Action item: Range to copy from the entries below: the line containing "bitcoin value today inr" through the line containing "Español: Músicos de", inclusive. Retype only those lines, exactly, without any images.

Records shown:
····················

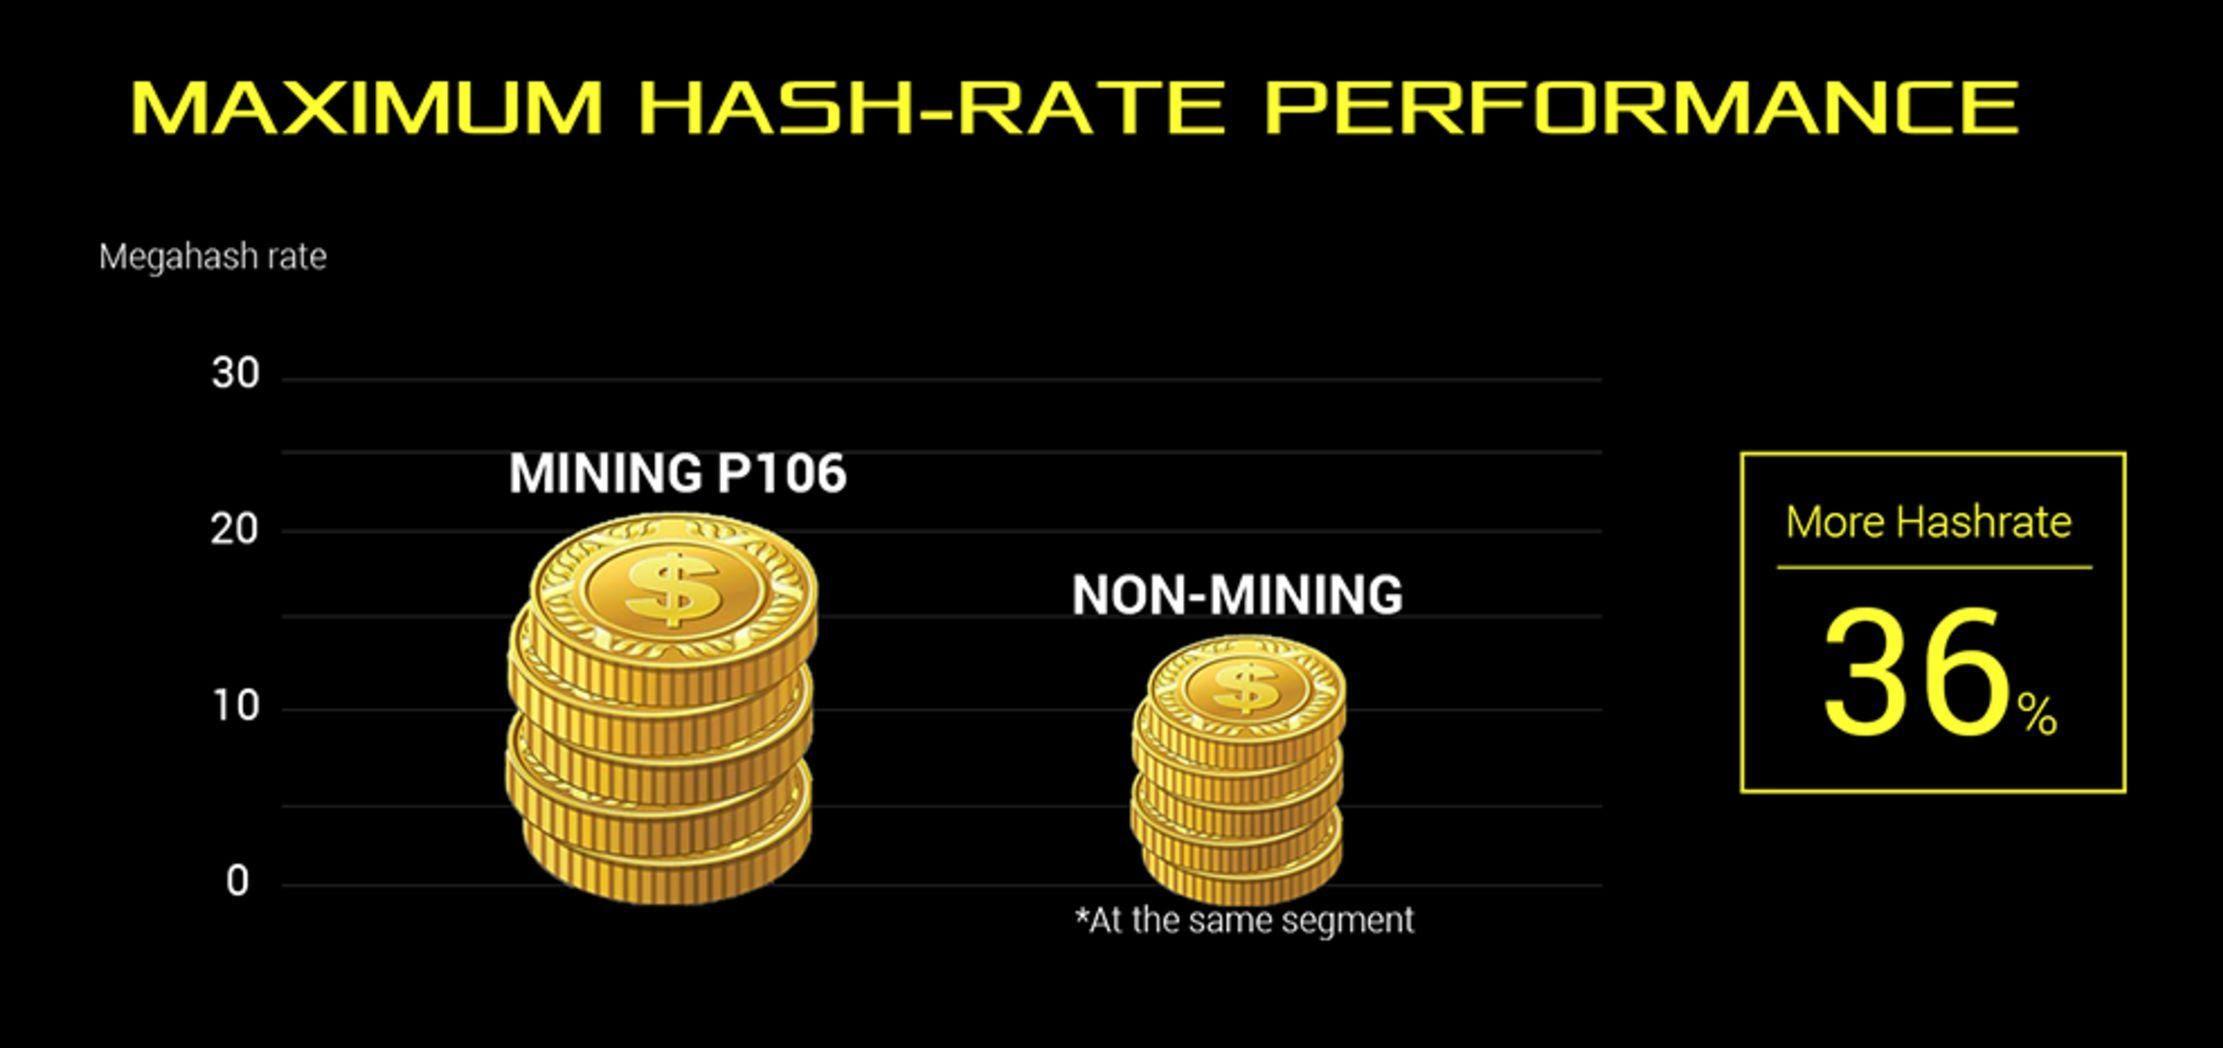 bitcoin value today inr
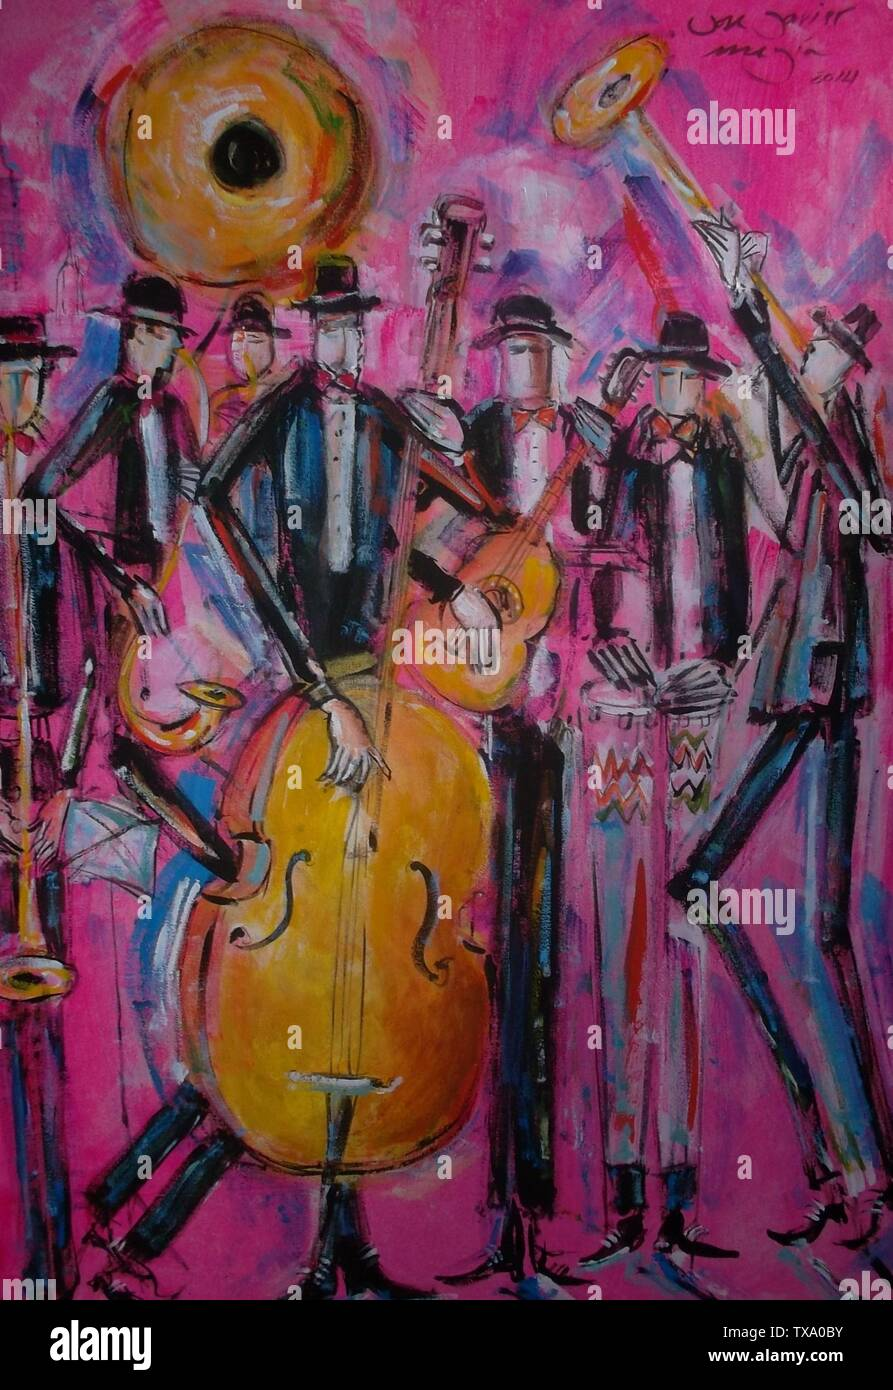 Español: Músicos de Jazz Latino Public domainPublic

····················

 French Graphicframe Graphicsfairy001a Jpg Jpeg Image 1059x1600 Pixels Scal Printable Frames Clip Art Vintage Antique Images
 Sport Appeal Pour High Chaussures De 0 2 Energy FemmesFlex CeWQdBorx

····················

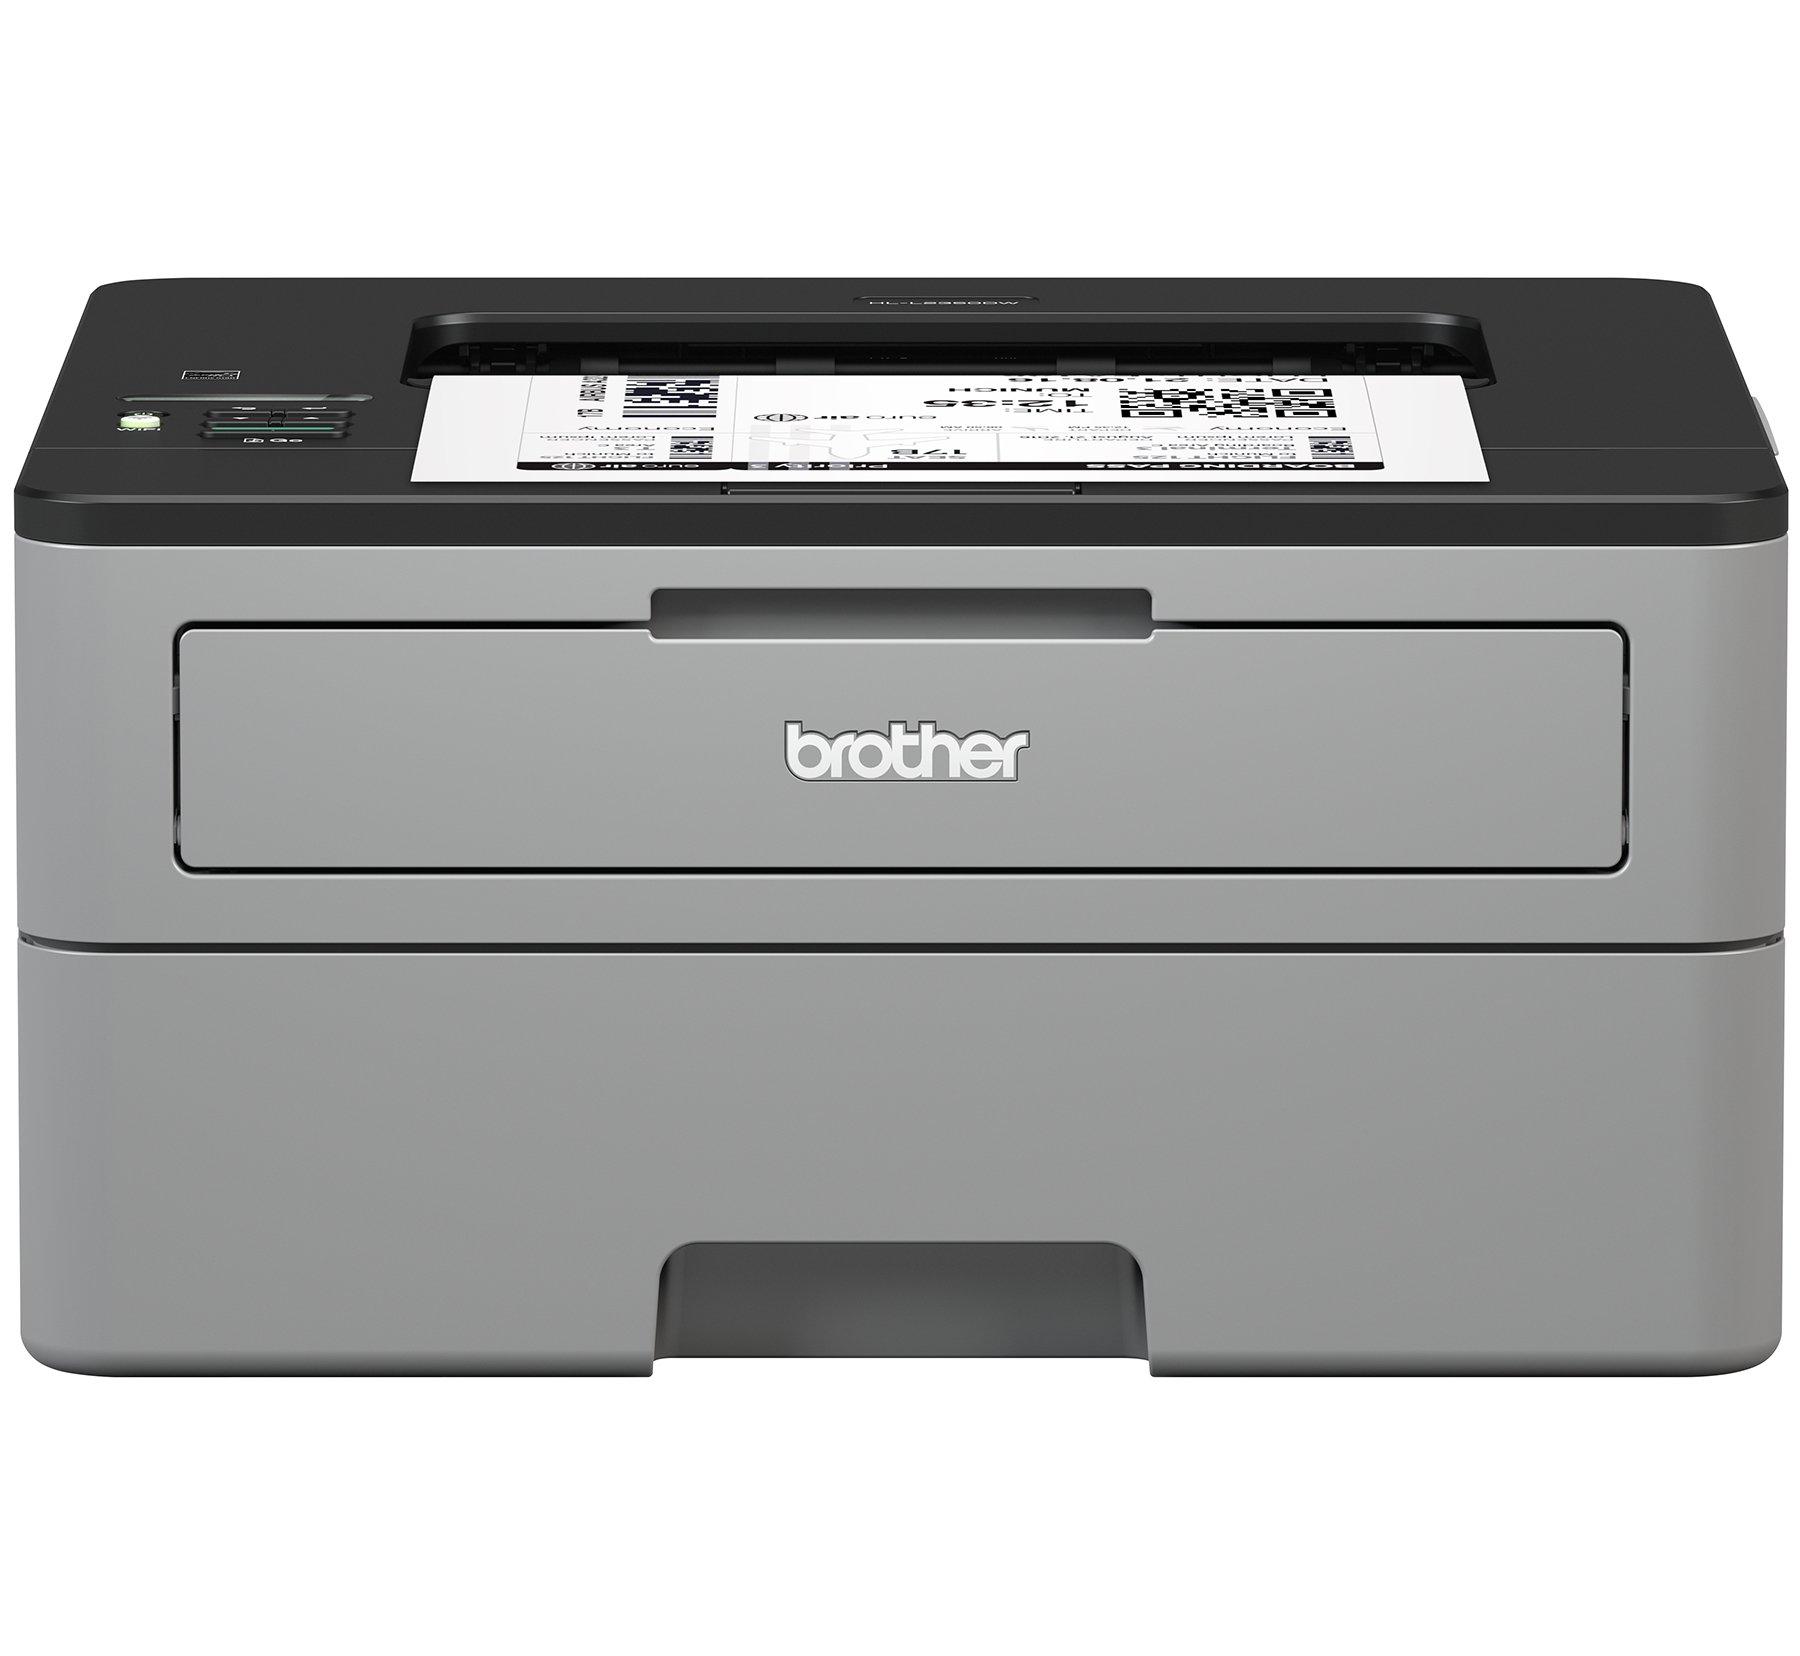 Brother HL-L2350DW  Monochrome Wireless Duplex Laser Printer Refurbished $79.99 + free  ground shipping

····················

Expected answer:
 bitcoin value today inr
 Español: Músicos de Jazz Latino Public domainPublic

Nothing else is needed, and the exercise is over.